Property sale, cash distributed

Capital gain recognized in the year of distribution. Can be deferred through a new 1031 exchange.

721 exchange into OP units

No gain recognized at the time of the exchange. Basis carries over. Gain is recognized when the OP units are sold or redeemed.

Hold period extension

No tax event from the extension itself. Ongoing distributions taxed as received.

Casualty or forced sale

Gain or loss recognized based on proceeds received versus adjusted basis. Insurance proceeds may trigger gain.

Plan your exit tax treatment with your CPA before you invest, not when the exit is imminent.

Questions to answer before you invest

  1. How long am I genuinely comfortable being illiquid? The hold period is a projection. Actual illiquidity could be shorter or longer.
  2. What are my cash flow needs during the hold? DST distributions may cover some income, but they are not guaranteed and can be reduced.
  3. Do I plan to 1031 exchange at exit, or recognize the gain? This shapes your timeline, when you engage a qualified intermediary, and your replacement property pipeline.
  4. Does the PPM's exit language give me enough clarity? "5 to 10 years, at sponsor's discretion" tells you far less than "7-year target with a 1-year extension option requiring investor consent."
  5. Is the sponsor's fee structure aligned with a timely exit?
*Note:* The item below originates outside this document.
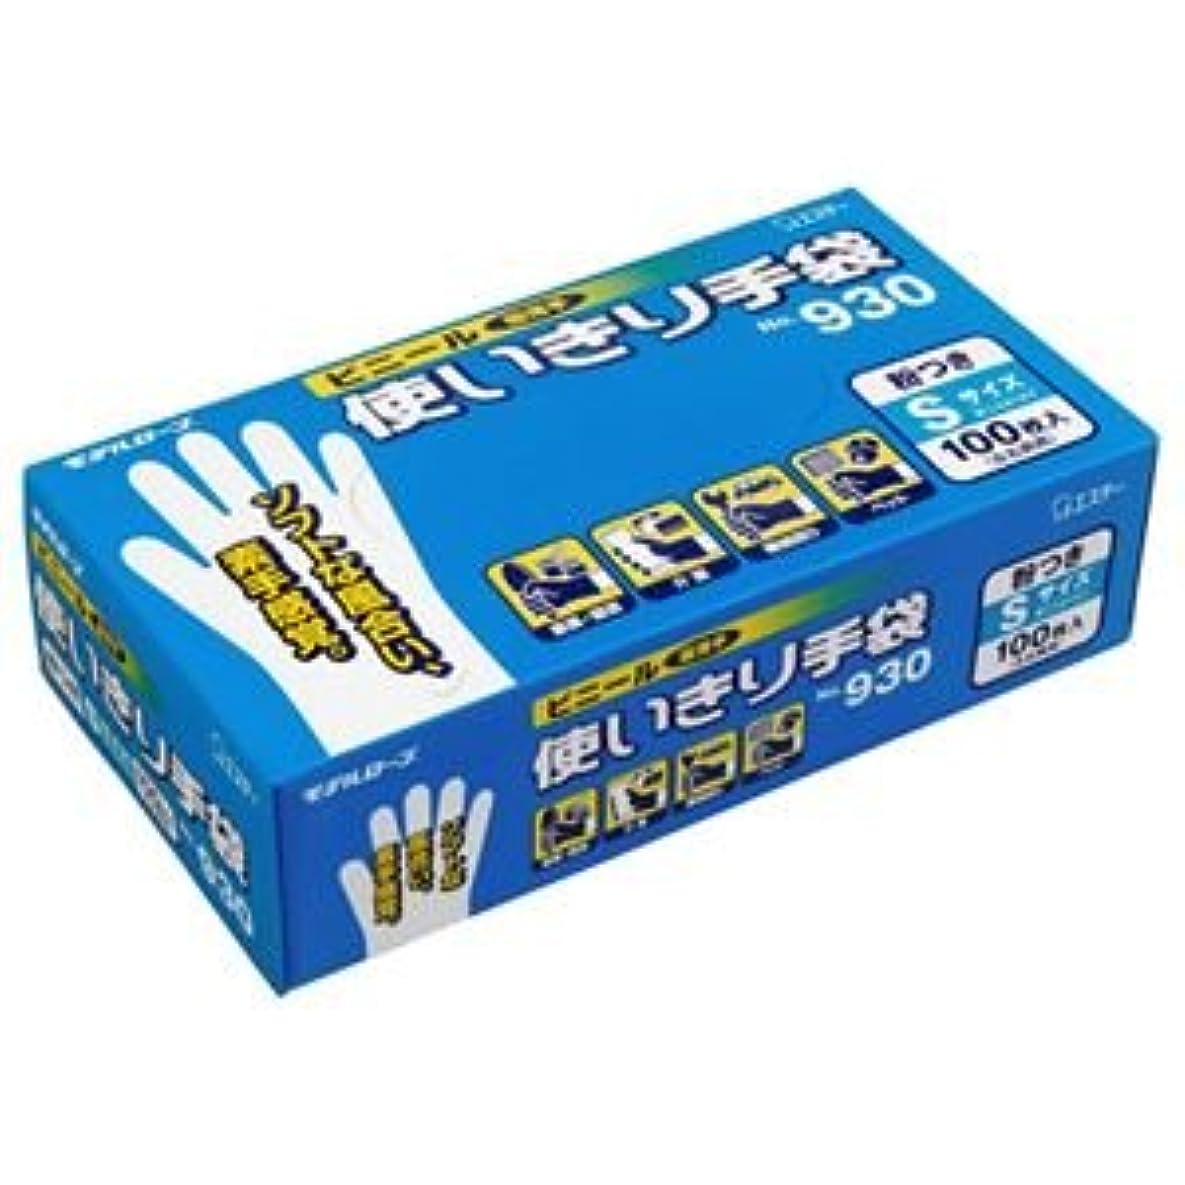 繁雑不一致ノート(まとめ) エステー No.930 ビニール使いきり手袋(粉付) S 1箱(100枚) 【×5セット

A sponsor who earns more from ongoing management fees than from disposition fees may be in no hurry to sell.

Warning signs on exit

  • Vague hold periods with no defined exit window or limit on extensions
  • No described exit process for how the sale decision gets made and communicated to investors
  • A fee structure that favors an indefinite hold over a timely sale
  • No secondary market support from the sponsor or an affiliated broker-dealer for investors who need early liquidity
  • Loan maturity misaligned with the projected hold, creating refinancing risk the DST structure cannot easily resolve
The bottom line

The time to think through your exit is before you invest, not as the hold period winds down. You will be illiquid for years, and your primary path out is the sponsor's decision to sell the property.

Quick answers

Frequently asked questions

What does "full cycle" mean exactly?

Full cycle means the property has been sold and all proceeds distributed to investors. It marks completion of the DST's investment objective.

Is full cycle guaranteed in the PPM?

No. The PPM projects a hold period (say, 5-7 years) and an eventual sale, but the sponsor decides when to sell. Market conditions, tenant performance, and the property's condition all move the timeline.

What if I need my capital before full cycle?

DST interests are highly illiquid. A secondary market exists, but discounts typically run 20 to 40 percent. Selling early is possible, just costly.

What happens to taxes if I sell my DST interest to another investor?

You recognize the gain, and the tax deferral stops. That is one reason the secondary market stays thin.

What if the DST property declines in value?

Your distributions track the property's actual income and value. If it underperforms, distributions can come in below projection, and so can the eventual sale proceeds.